Transactional Memory Everywhere?

I recently encountered a researcher who assured me that transactional memory (TM) would soon be the only synchronization mechanism, supplanting all the complex and error-prone synchronization mechanisms currently in use. This did surprise me a bit, given that TM has some difficulty with commonplace operations such as input and output, but I most certainly cannot fault the man's ambitions for TM.

Of course, anyone who has worked on a large software artifact will have encountered situations where the ability to do even very small and restricted transactions would be extremely helpful. Even the relatively slow software TM (STM) implementations could do well in such situations, as the competing deadlock-avoidance/recovery schemes can be quite complex and slow in and of themselves.

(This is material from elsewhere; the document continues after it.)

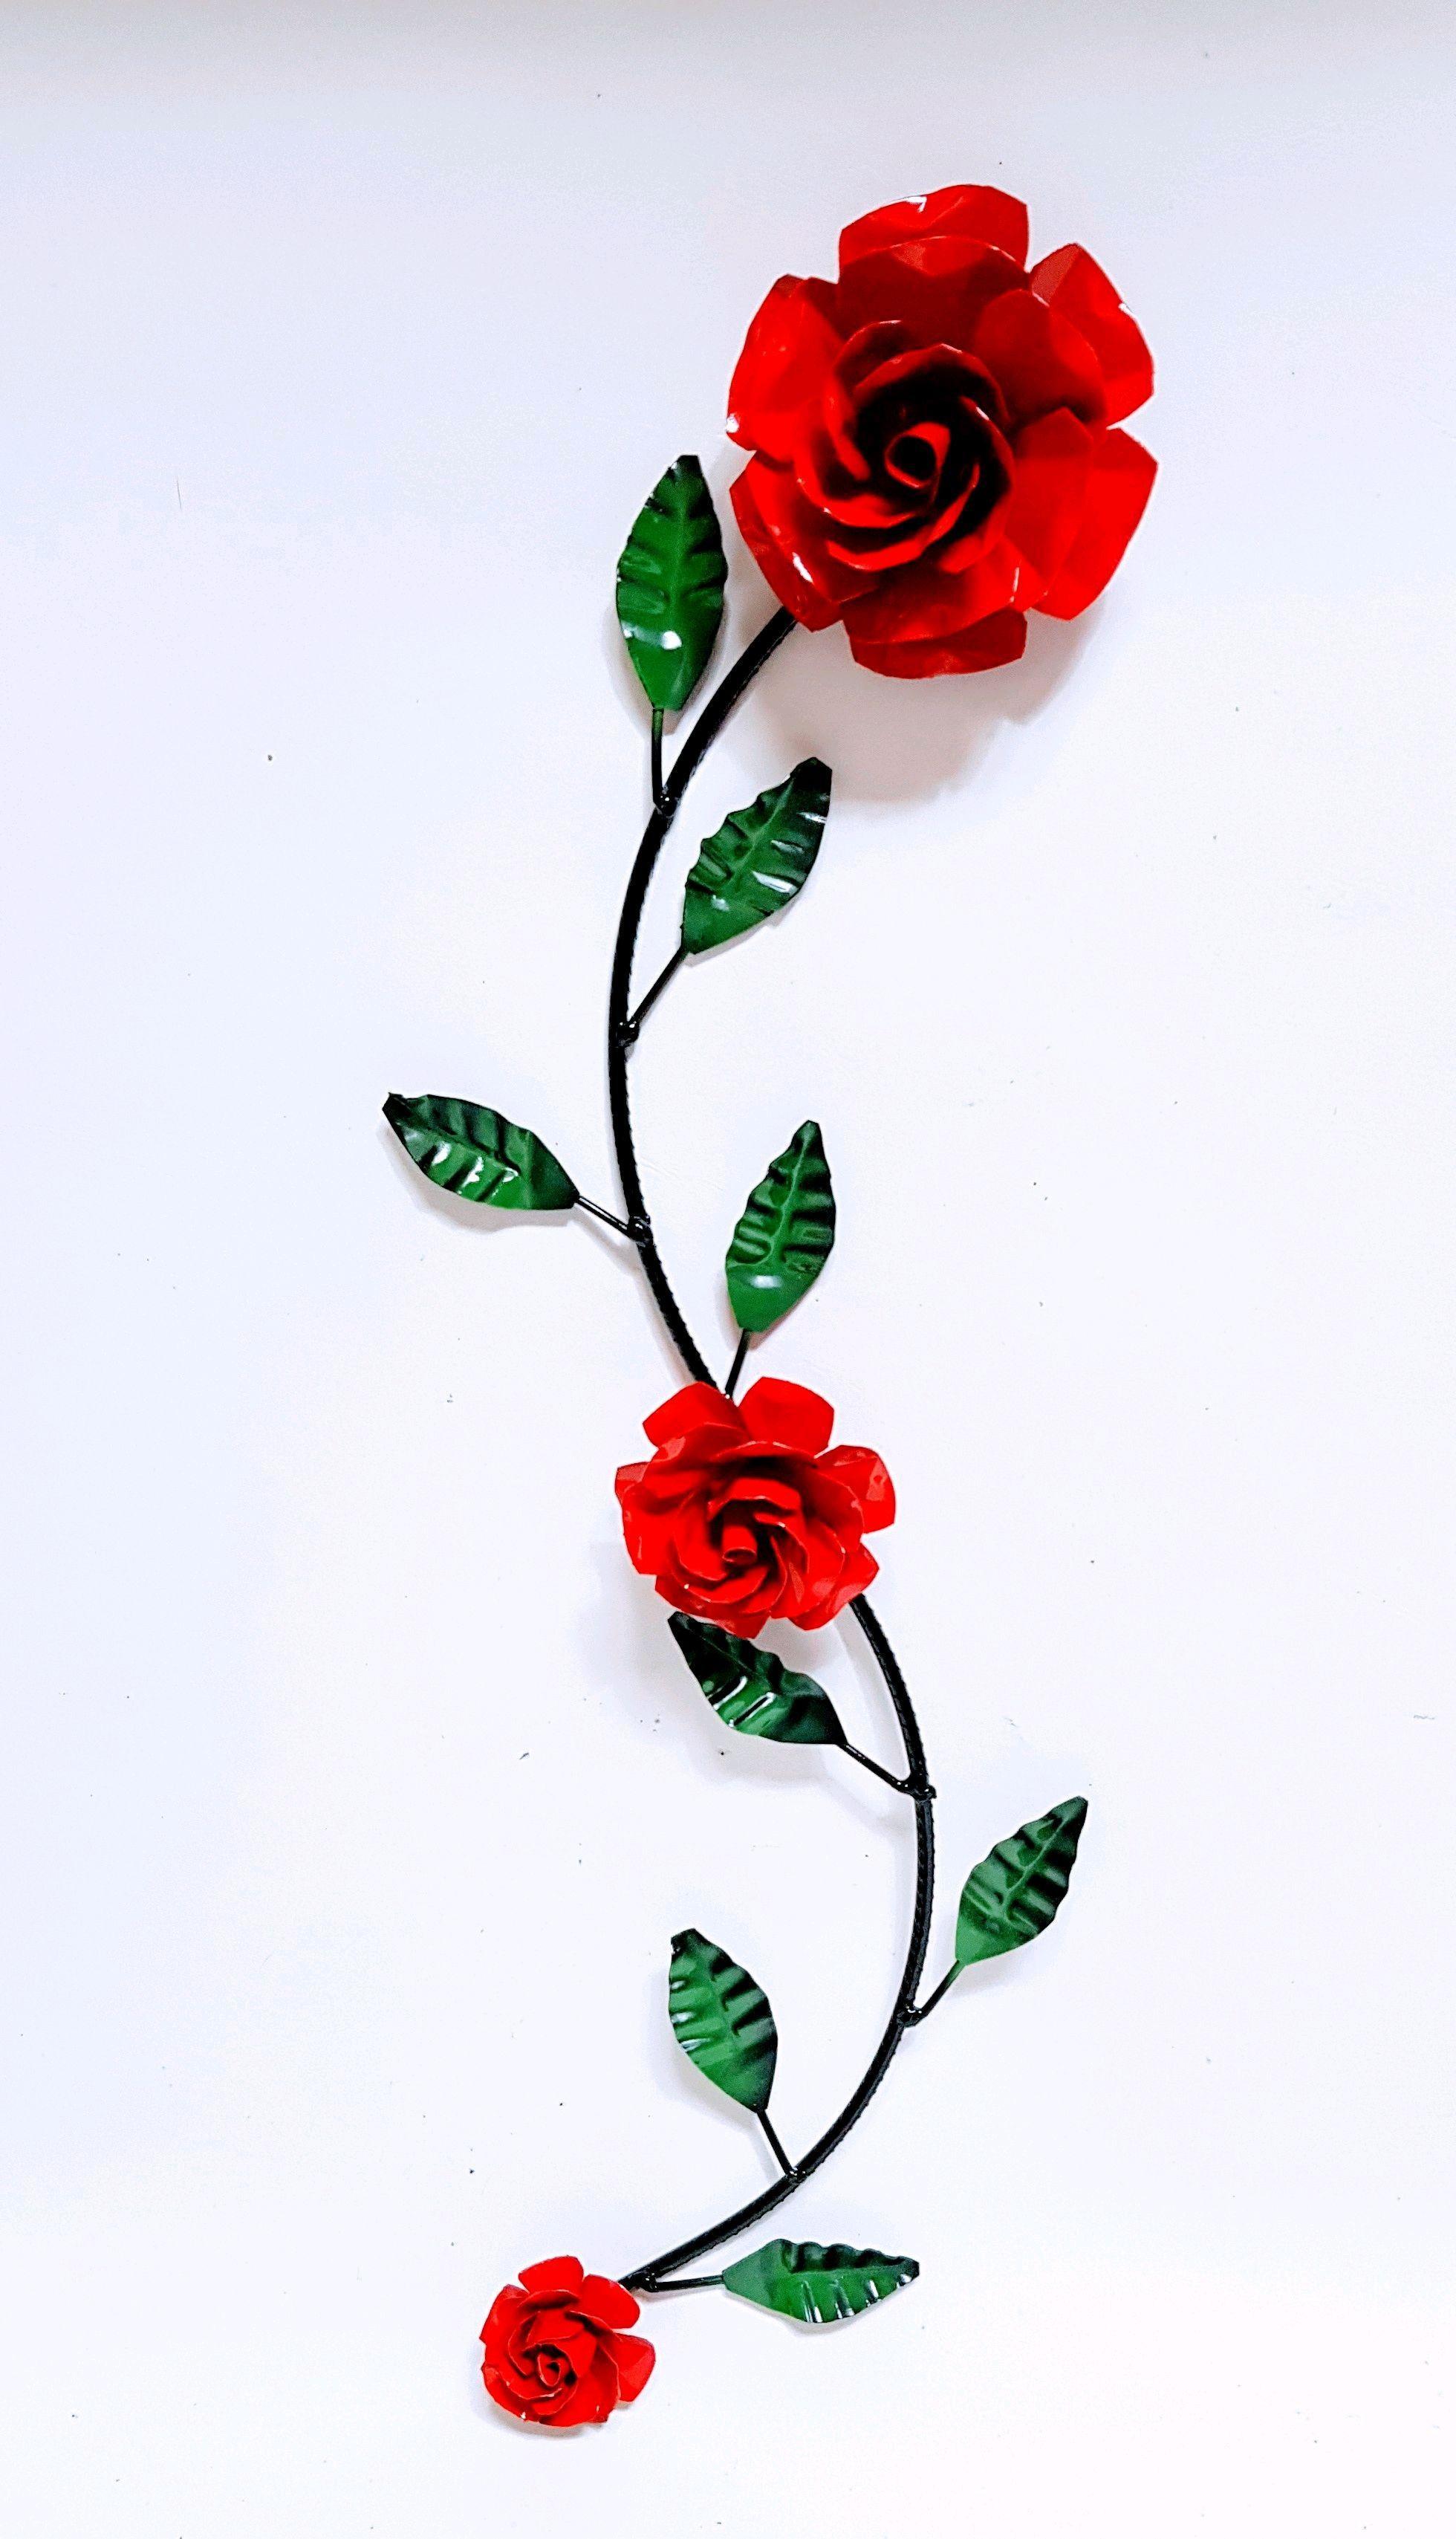 Ramo Decorativo Com Flor E Folhas No Elo7 Mund Arte Artesanatos

That said, if TM is to achieve the researcher's great ambitions, it will need to interact with other mechanisms, be they I/O, system calls, or other synchronization primitives, with this latter being critically important when converting legacy software to TM. To this end, let us look at challenges to TM posed by other mechanisms, along with alternative resolutions to these challenges:

In short, although TM offers much promise for small changes to memory-only data structures, there are a number of issues with large-scale transacations in real software systems:

  1. I/O operations, especially RPCs, which cannot in general be rolled back.
  2. Memory-mapping operations, particularly when you unmap some of a given transaction's variables from outside of that transaction.
  3. Multi-threaded transactions do not seem to be supported by most TM implementations, which means that TM does not generally support things like pthread_create().
  4. Extra-transactional accesses, whose behavior varies greatly from one TM implementation to another.
  5. Time delays, which can interact with the notion of atomicity in interesting and ill-defined ways.
  6. Interactions with locking, particularly reader-writer locking. These interactions are clearly critically important if TM is to be introduced into large existing software programs that use locking. Of course, the interactions between TM and RCU are a special interest of mine.
  7. Persistent transactions are an interesting possibility. There are forms of locking that can span address spaces, and that can survive reboots and even operating-system upgrades. Should TM offer similar persistence?
  8. Dynamic linking and loading of functions invoked from within transactions.
  9. Debugging transactions, especially setting breakpoints within transactions for hardware TM implementations.
  10. Transactions containing the exec() system call have interesting implications.

So, what can we conclude from this list?

  1. One interesting property of TM is the fact that transactions are subject to rollback and retry. This property underlies TM's difficulties with irreversible operations, including unbuffered I/O, RPCs, memory-mapping operations, time delays, and the exec() system call.
  2. Another interesting property of TM, noted by Shpeisman et al., is that TM intertwines the synchronization with the data it protects. This property underlies TM's issues with I/O, memory-mapping operations, extra-transactional accesses, and debugging breakpoints. In contrast, conventional synchronization primitives, including locking and RCU, maintain a clear separation between the synchronization primitives and the data that they protect.
  3. One of the stated goals of many workers in the TM area is to ease parallelization of large sequential programs. As such, individual transactions are commonly expected to execute serially, which might do much to explain TM's issues with multithreaded transactions.

What should TM researchers and developers do about all of this? One approach is to focus on TM in the small, focusing on situations where hardware assist potentially provides substantial advantages over other synchronization primitives. This is in fact the approach Sun took with its Rock research CPU. Some TM researchers seem to agree with this approach, while others have much higher hopes for TM.

Of course, it is quite possible that TM will be able to take on larger problems, and this series of blog posts lists a few of the issues that must be resolved if TM is to achieve this lofty goal.

My personal hope is that everyone involved treats this as a learning experience. It appears to me that TM researchers have great deal to learn from practitioners who have successfully built large software systems using traditional synchronization primitives.

And vice versa.